# Analysing Data + Statistics

In this lesson, we will be analysing a dataset from the World Health Organisation. 
Looking at the code you will notice some parts are incomplete and have '__' written instead. This means that you need to complete that part of the code. In some other parts, you will need to write your own code.

You will also find hyperlinks to documentation on different functions that we will use. It is recommended to look at them to familiarise yourself with what you are doing.

There are also questions to be completed. This can be done in one or two sentences.

In [None]:
#First, we need to import the tools we will be using. Links to documentation of the different
#tools we will be using can be found on the explanation of each point.
import os
import pandas as pd
import matplotlib.pyplot as plt
import numpy as np
import seaborn as sns
import math

### Activity 1: Getting to know our data

Now, we need to load the data we will be using.

For this we have to get the path to the data we are using, and then read the file. In this case, it is in the datasets
folder inside our working directory called 'datasets', and the file name is 'who_countries.csv'. This dataset contains health information on several countries of the world from 2000 to 2015.


In [None]:
#Get the path to the file we will be using. In this case, the dataset is under the datasets folder
path = os.path.join(os.getcwd(), 'datasets', 'who_countries.csv')
#Load the data into the countries_info variable. This results in a DataFrame object.
countries_info = pd.read_csv(path, delimiter = ',')

Now we we will look at the dataset that we have loaded.

In [None]:
#Just writing the name of a variable in a cell is enough to print its value
countries_info

This gives us a rough idea of the data we are working with, but we can get more information with the *describe()* function. 

In [None]:
#Use the DataFrame function describe() to see a summary of the dataset
__.describe()



***What is the input data used for calculating these measures?***

***Do you think this mean can tell us anything? Why? Is this applicable to the other measures?***

### Activity 2

Now look at the same data, but only taking that from 2015. Comment on the key features you observe.

In [None]:
#The .loc[a] function allows us to get data from a DataFrame that satisfies a condition a
info_15 = countries_info.loc[countries_info['Year'] == __]
#In this case, we are getting the data that has 2015 as a value on the 'Year' column

#Use the describe() function again to see the summary of our selected data
__

***What does the mean in 'Life expectancy' represent here?***


***Looking at the percentiles, how many countries do you estimate have a life expectancy of about 77 years or more?***



In this activity, we will be working with the GDP and Life expectancy attributes.
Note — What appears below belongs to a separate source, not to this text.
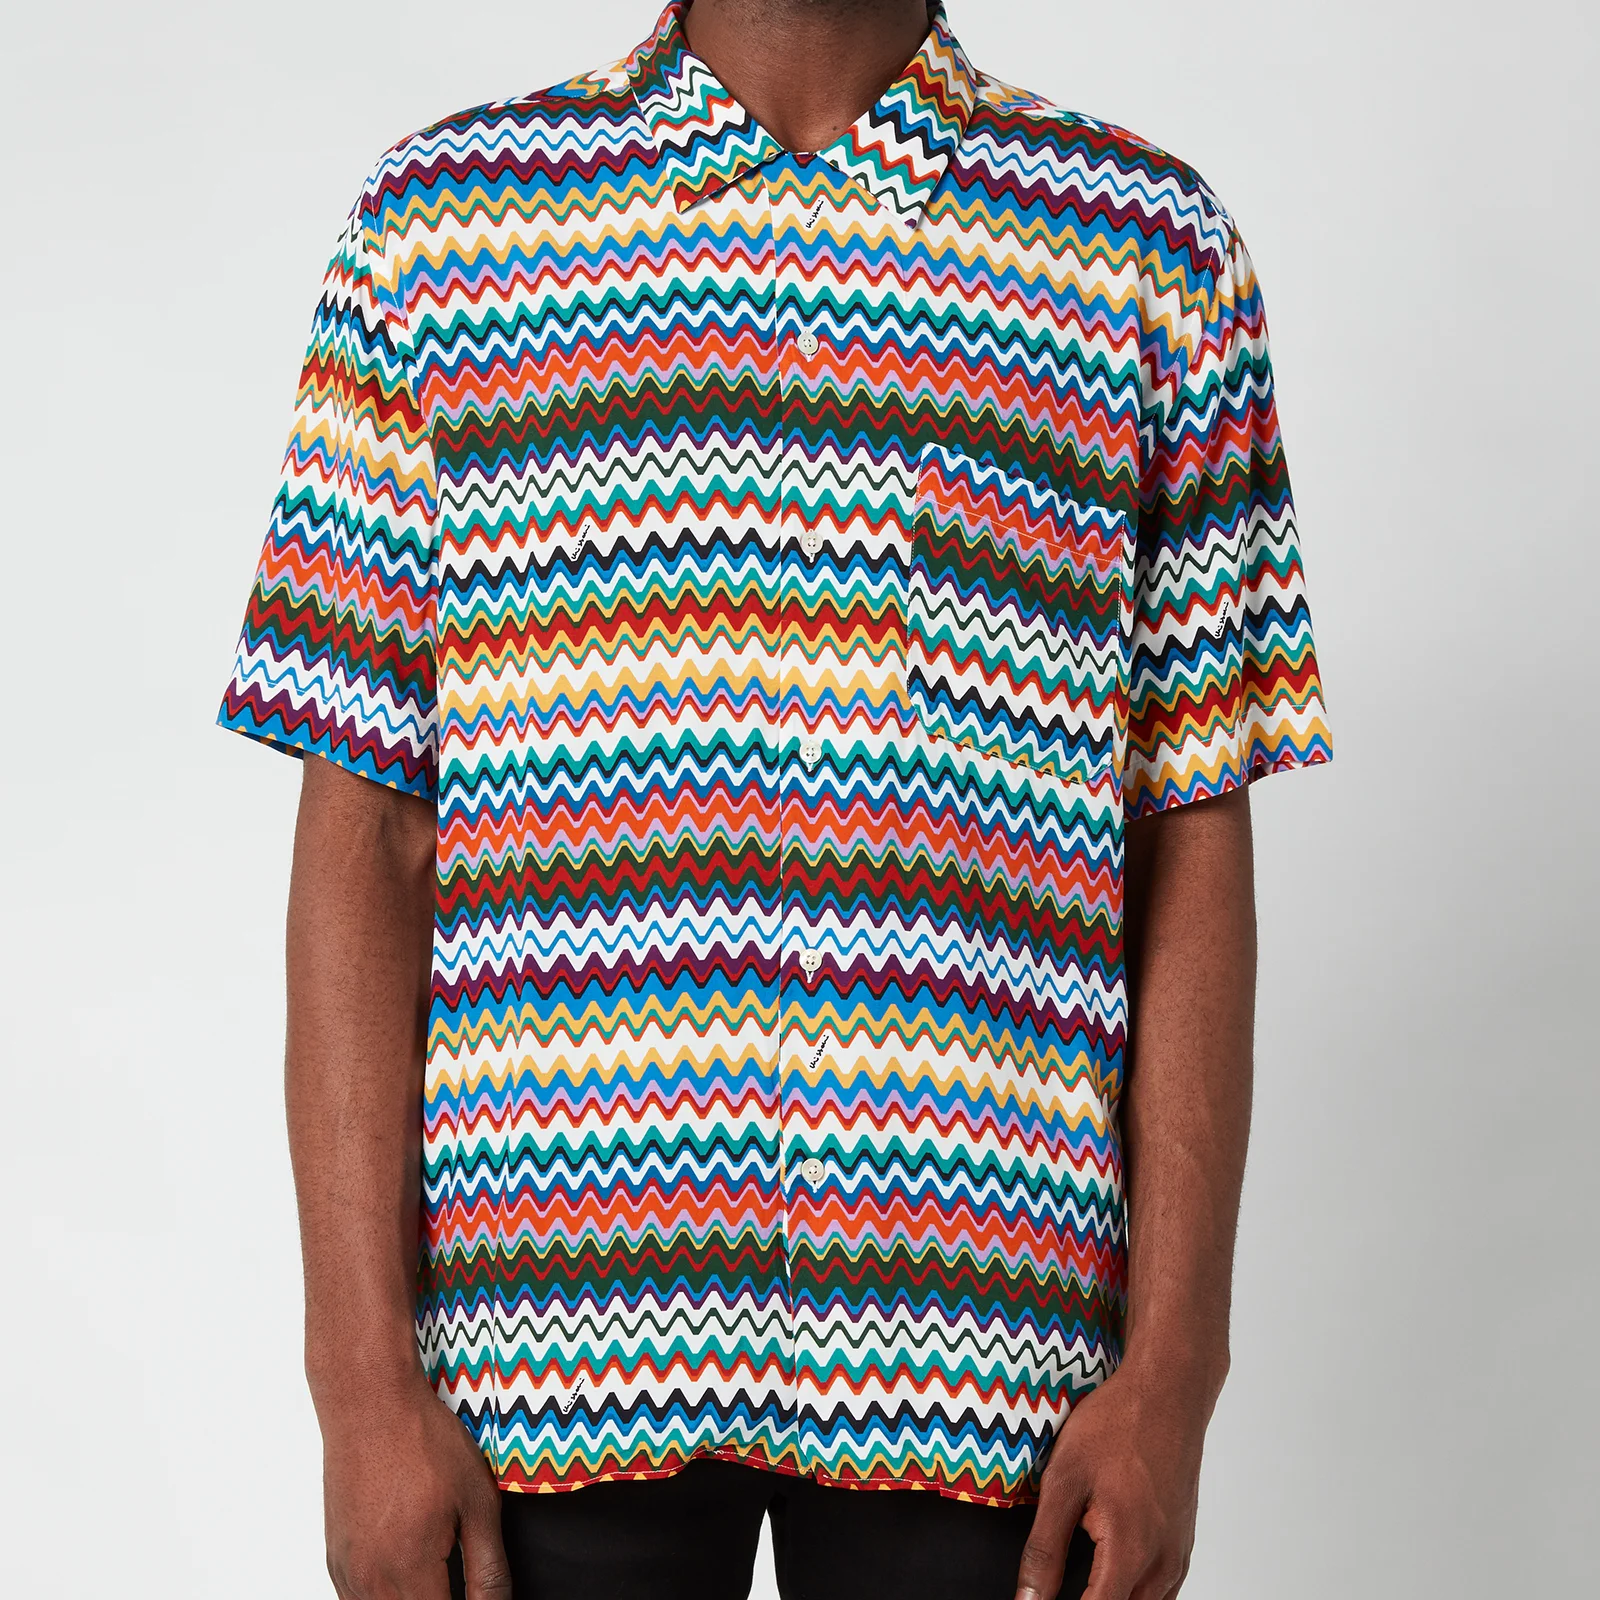 Missoni Men's Classic Neckline Short Sleeve Shirt - Multi Image 1

GDP stands for [Gross Domestic Product](https://www.investopedia.com/terms/g/gdp.asp), and it gives a sense of how rich a country is.

In order to know more about these, we will now plot their [distribution](https://seaborn.pydata.org/generated/seaborn.distplot.html).

In [None]:
#Plotting the distribution for GDP. Write the name of the correct column
sns.distplot(info_15['__'], bins = 15)


In [None]:
#Write the necessary code for plotting the distribution of the Life expectancy


***Seeing the GDP distribution, would you say that most countries have a high GDP? Why?***

***Having seen the distribution for both life expectancy and GDP, can you guess from these if there is a correlation?***

Now that we know our data a bit better, let's try to find relationships in it. For doing this, we will be looking at the correlation between attributes by plotting pairs of them. 

Our first step is to take the 2015 data for all the countries' GDP and Life expectancy. Then use the function *plt.plot(x, y, 'o')* to plot the points.

Note: The 'o' at the function arguments is for it to draw circular points. Other markers are available, check the [documentation](https://matplotlib.org/api/_as_gen/matplotlib.pyplot.plot.html) for these.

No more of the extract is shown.